---- INFORMATION PROVIDED

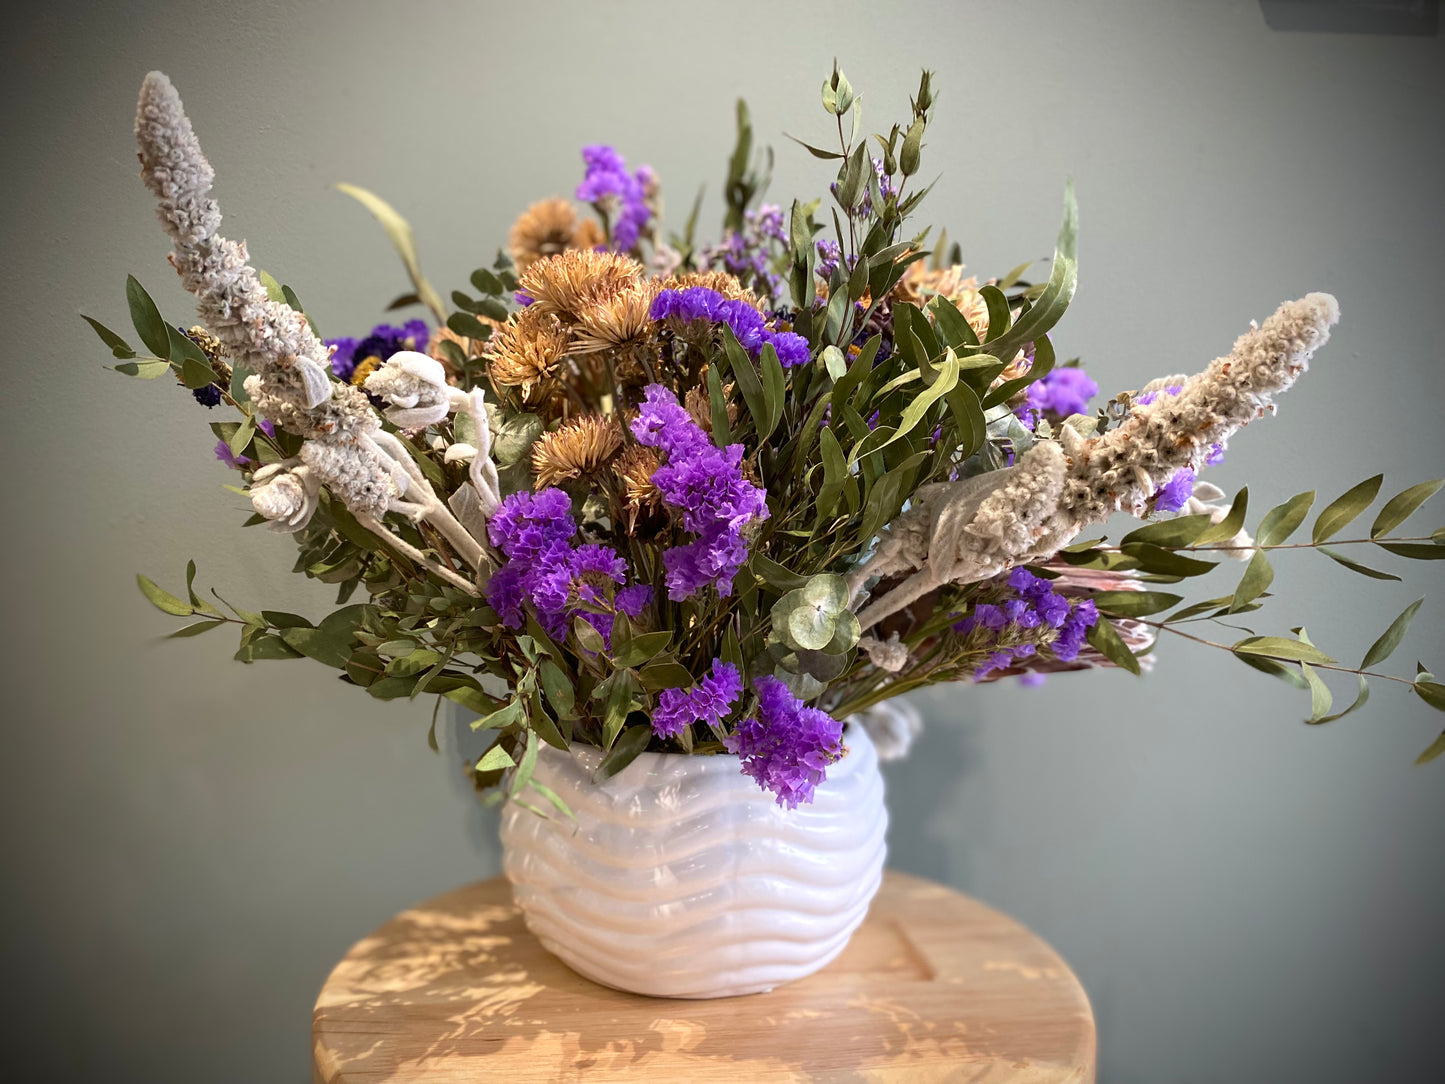 Dried flower arrangement in purple
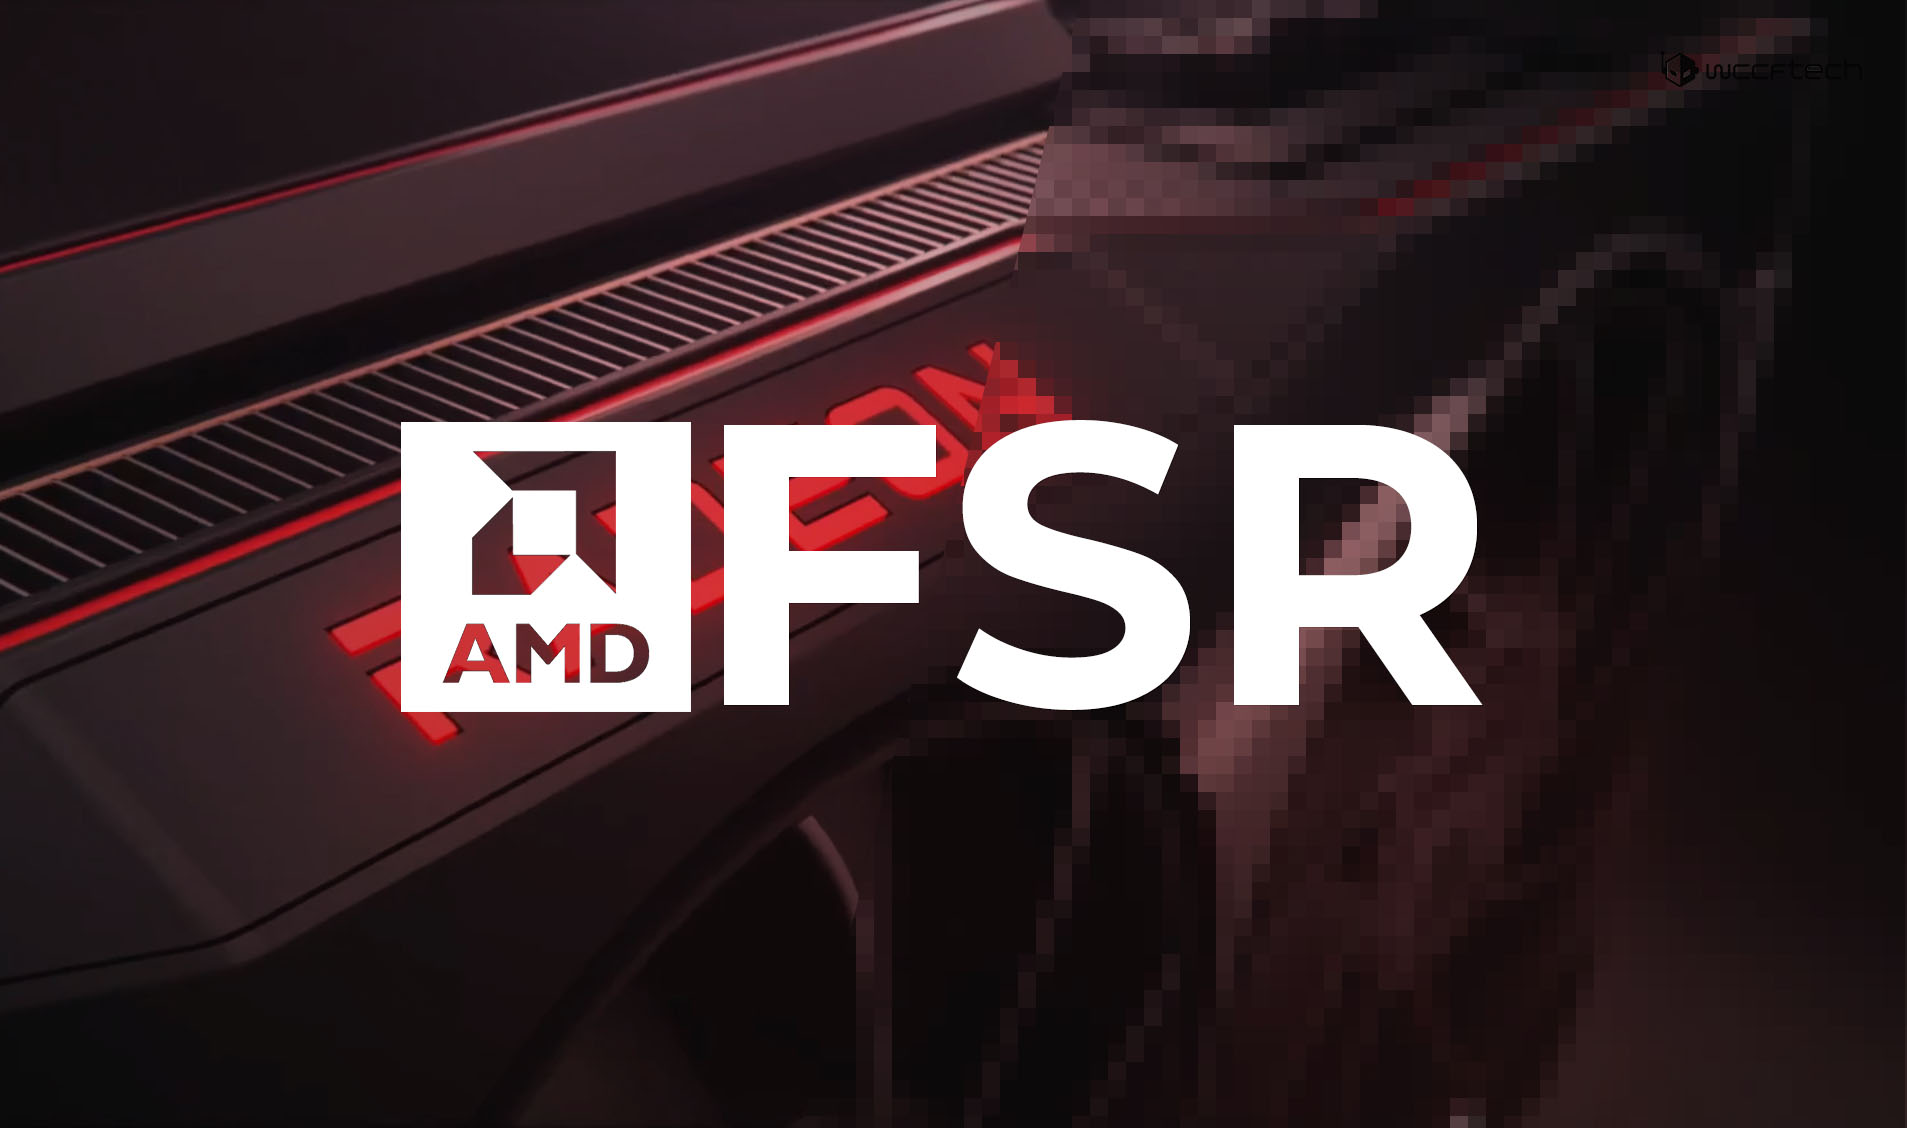 《死亡循环》成为首款支持AMD FSR 2.0的游戏 5月12日上线
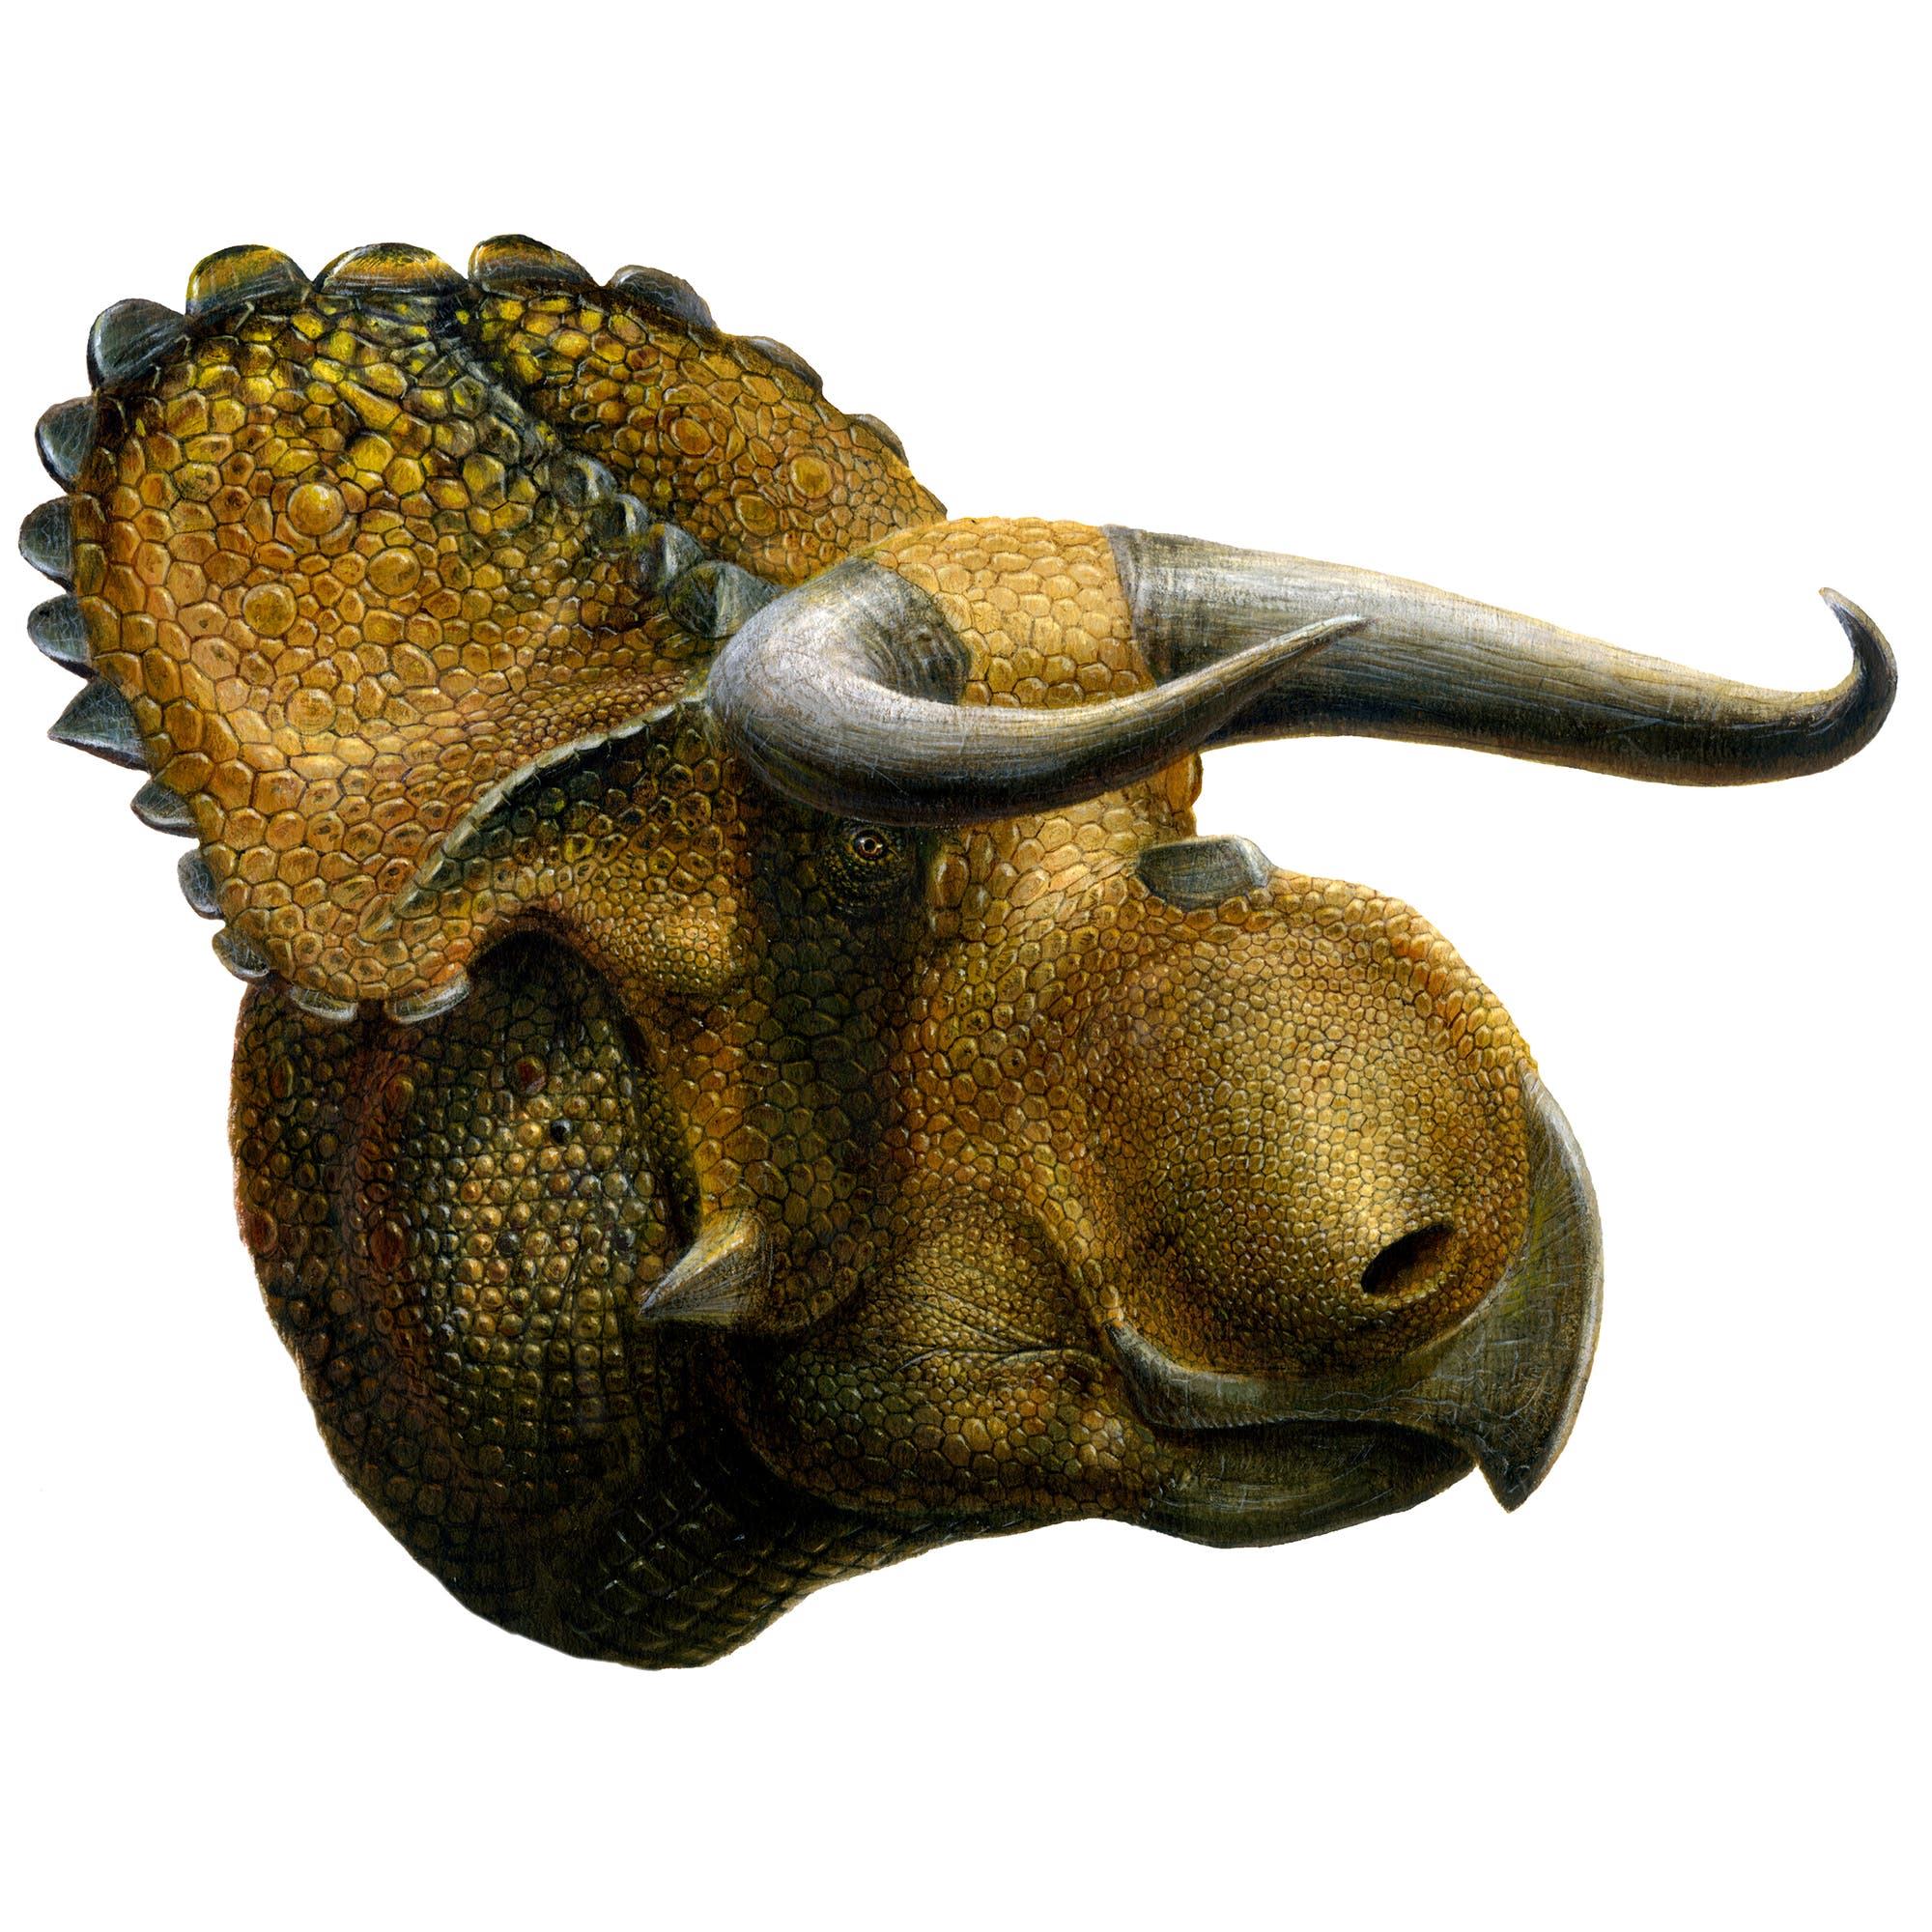 Nasutoceratops titusi

--------

WHAT NEEDS TO BE DONE —
Word-for-word restatement: every line from the one with "FSR 2.0的游戏 5月12日上线" through the final line of the data, both ends included, pictures excluded.

ANSWER —
 《死亡循环》成为首款支持AMD FSR 2.0的游戏 5月12日上线
 Nasutoceratops titusi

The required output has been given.